Riporto l’ultimo Vivaio di Messori, interessante come sempre: “Ho sempre avuto il sospetto che i cattolici avrebbero qualcosa da imparare da Pannella Giacinto detto Marco e dai suoi radicali.
Aspettate, per favore, prima di scandalizzarvi. In effetti, sono del tutto consapevole che quell’ abruzzese ormai più vicino agli ottanta che ai settanta ( i digiuni, anche se simulati, fanno bene alla salute ) risponde a molte delle caratteristiche di un ” anticristo ” così come è delineato da scrittori credenti alla Benson . L’anticristo, cioè, in doppio petto , dal volto umano , dalle apparenze evangeliche, astuto nel nascondere gli artigli sotto un guanto di pacifismo, di buonismo, di non violenza. Un ” diavolo ” che predica l’amore , che si dice accanto ad ogni sofferente, che si batte per la libertà e per i diritti di tutti. Talvolta ha tentato di coinvolgere anche me , strumentalizzando il ” cattolico ” che sono col coinvolgermi nelle sue infinite iniziative. Naturalmente è stato mandato a quel paese, ma devo avvertire che il torrente di parole delle sue telefonate era talmente suadente , i suoi argomenti tanto apparentemente evangelici che altri , meno scafati, ci sarebbero cascati.
A differenza di quanto credono quelli che vedono il rosso dappertutto , i radicali non hanno nulla a che fare con i comunisti : questi ultimi, spesso , vengono strumentalizzati anch’essi ma il radicalismo è liberalismo, seppur di sinistra , è individualismo , rappresenta cioè il contrario dell’utopia comunitaria comunista. In questa prospettiva, ogni desiderio deve diventare un diritto, ogni capriccio ha diritto di cittadinanza , ogni legge morale va scardinata perchè oppressiva , ogni verità deve far posto alla infinità delle opinioni, tutte egualmente rispettabili anche se aberranti e asociali.
Storicamente , il radicalismo è stato espressione della piccola, talvolta grande, borghesia, quella che assai spesso si riuniva nelle logge massoniche. Ma , nell’accezione panelliana , non ha neppure più lo schema etico – di derivazione cristiana – che sorreggeva , malgrado tutto, la prospettiva dei ” liberi muratori ” all’antica. Il libertarismo radicale , l’individualismo ossessivo portano, lo si voglia o no, al nichilismo.

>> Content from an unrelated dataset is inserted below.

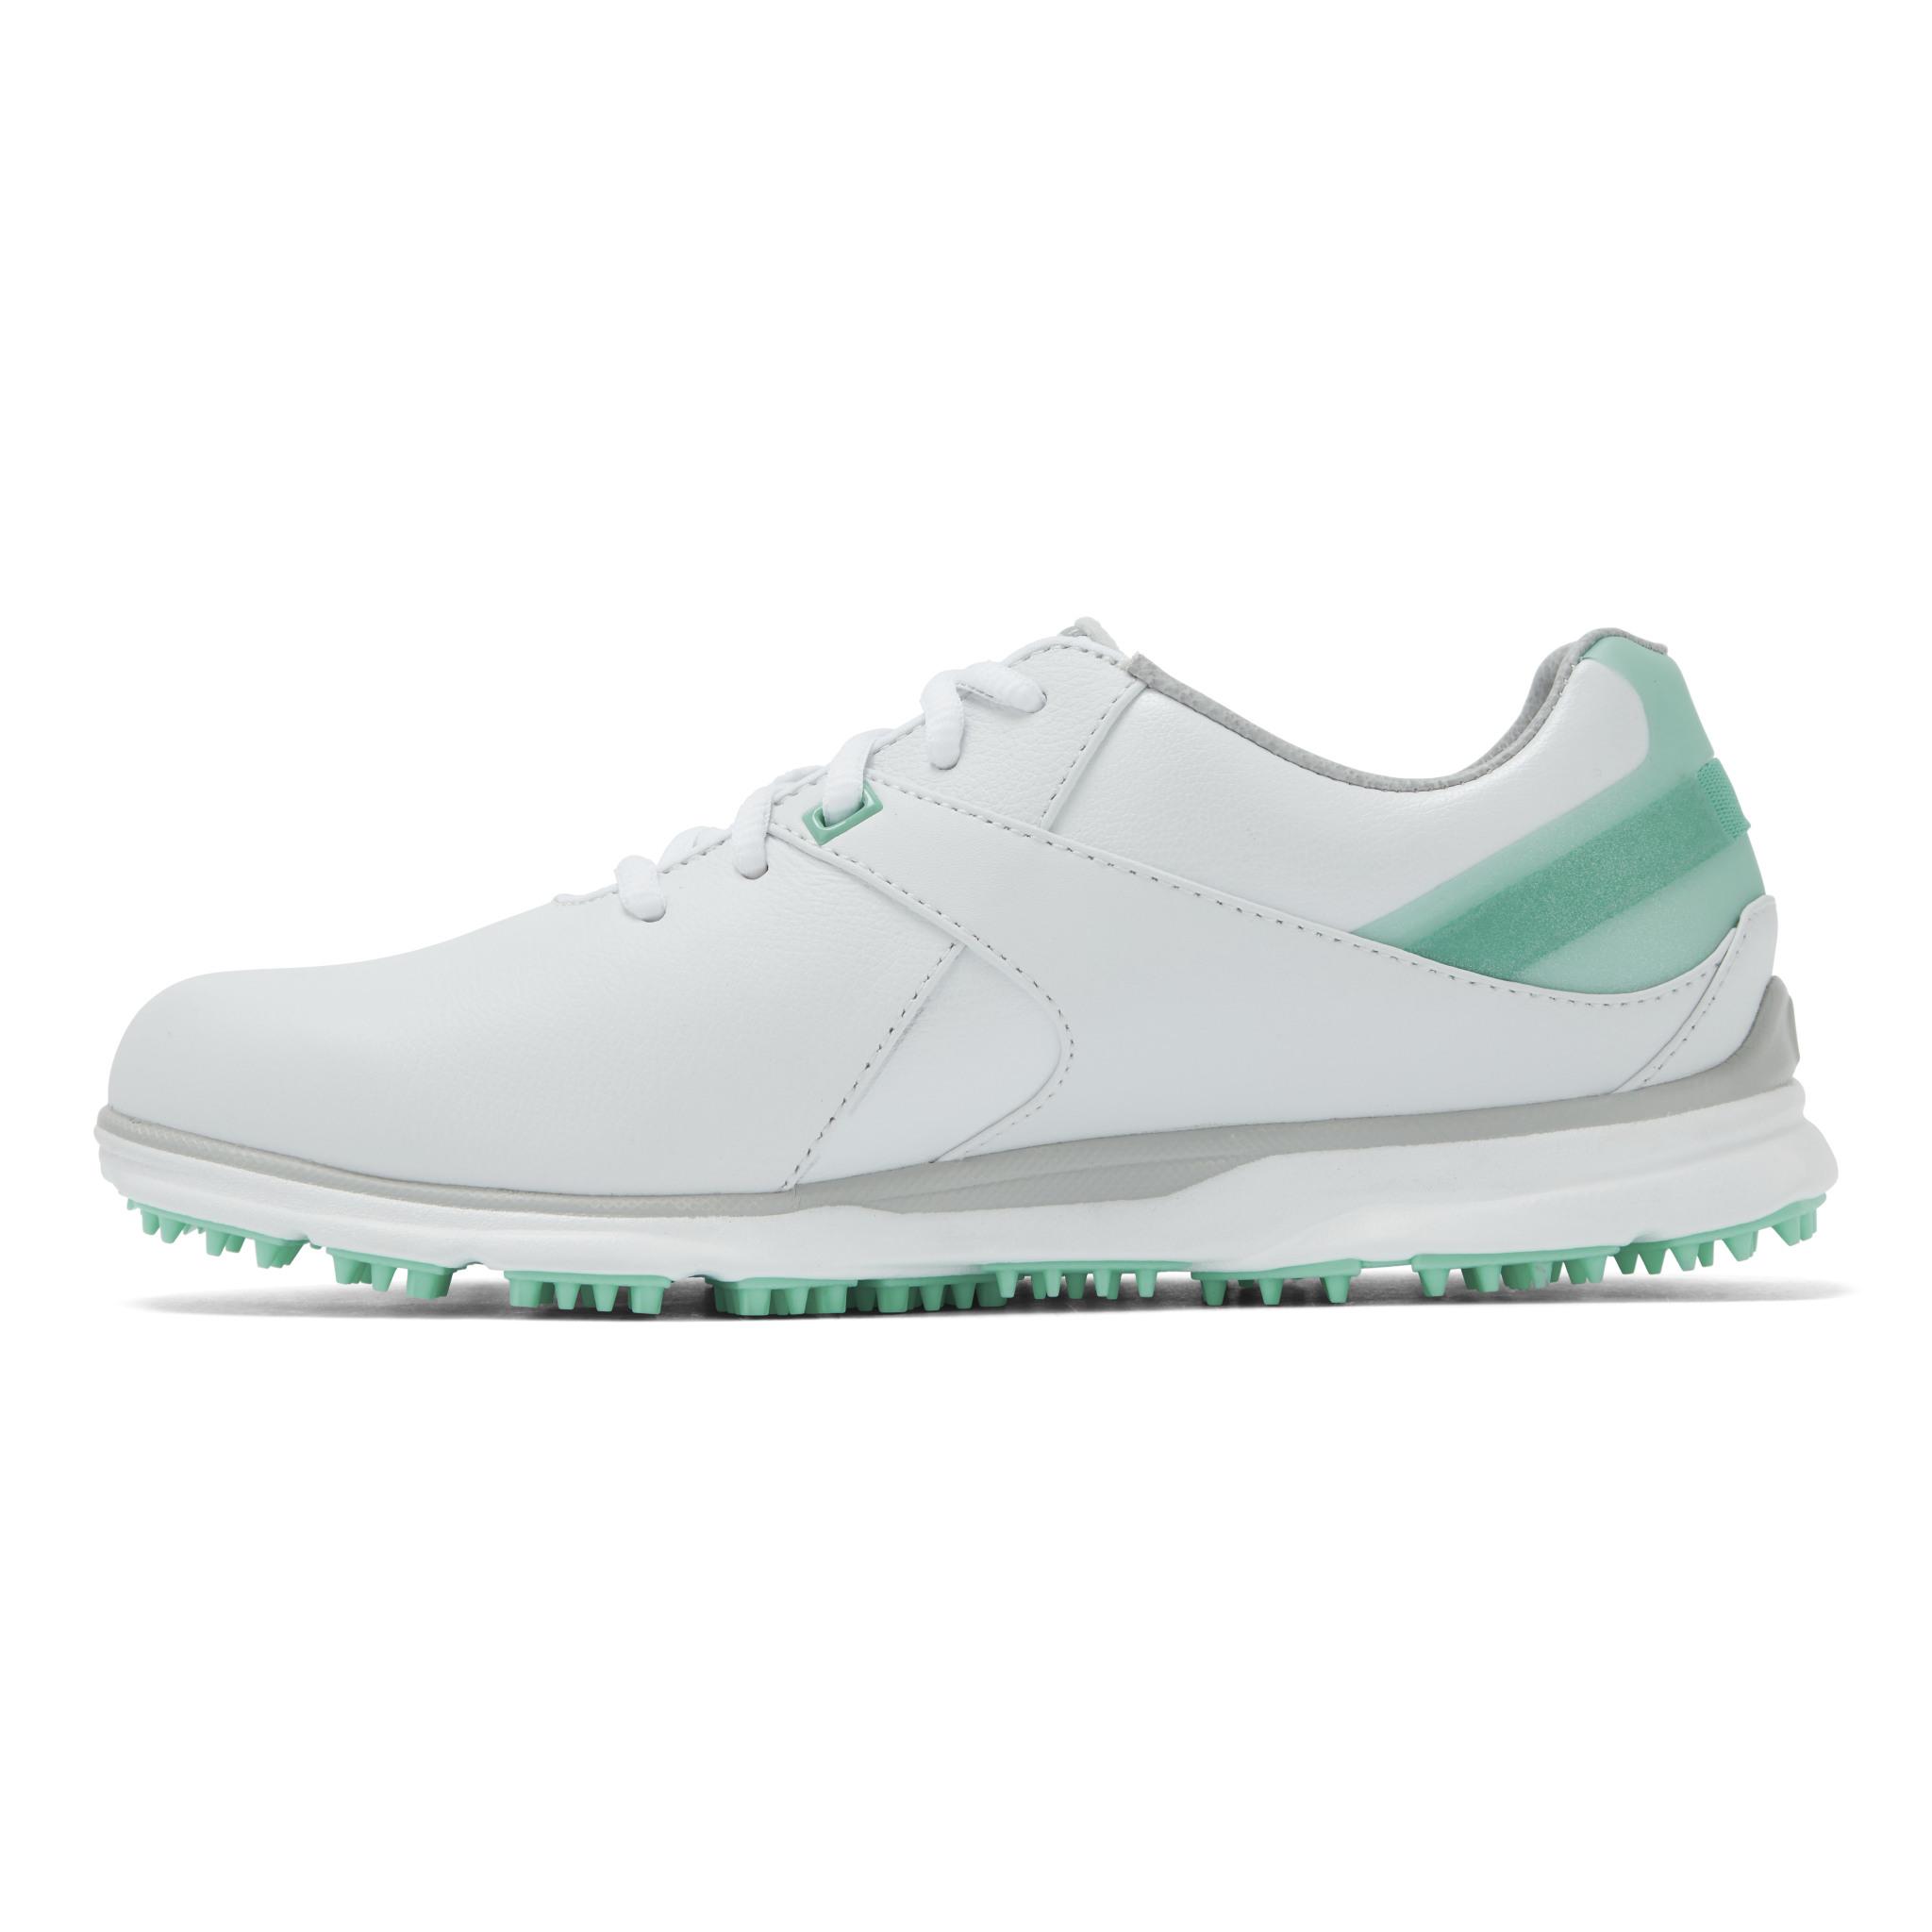 FOOTJOY Pro SL Damen Golfschuhe

Sta di fatto che , scrivendo nel 1982 Scommessa sulla morte , prevedevo ( e non perché fossi profeta ma perchè c’è, nelle cose, una logica ineluttabile ) che dopo divorzio e aborto sarebbe seguita l’eutanasia . E che, ancora una volta, le cose – pur inserite in un trend che coinvolge tutto l’Occidente postcristiano – sarebbero state accelerate dall’attivismo radicale. Ci sono voluti 25 anni ma ecco che ci siamo, ecco che Pannella strumentalizza il caso di un povero invalido, come già aveva strumentalizzato le vittime dell’incidente chimico di Seveso per la legalizzazione dell’aborto o aveva taroccato, per il divorzio, le statistiche dei reati commessi in famiglia . Ma questa ” collana gloriosa con tre gemme “, come la chiamano loro , non è che la più appariscente, visto che ci sono i radicali dietro a tutte le campagne libertarie di questi decenni : alcune , va riconosciuto, anche comprensibili e magari – in qualche caso – addirittura meritorie . E’ avvenuto, ad esempio , per certe vittime del giustizialismo giacobino di una certa magistratura . Ma , in maggioranza , sono state, e sono, campagne permeate da una visione dell’uomo , della società, della storia che poco o nulla hanno a che fare – magari malgrado le apparenze – con la prospettiva cristiana . E cattolica in particolare.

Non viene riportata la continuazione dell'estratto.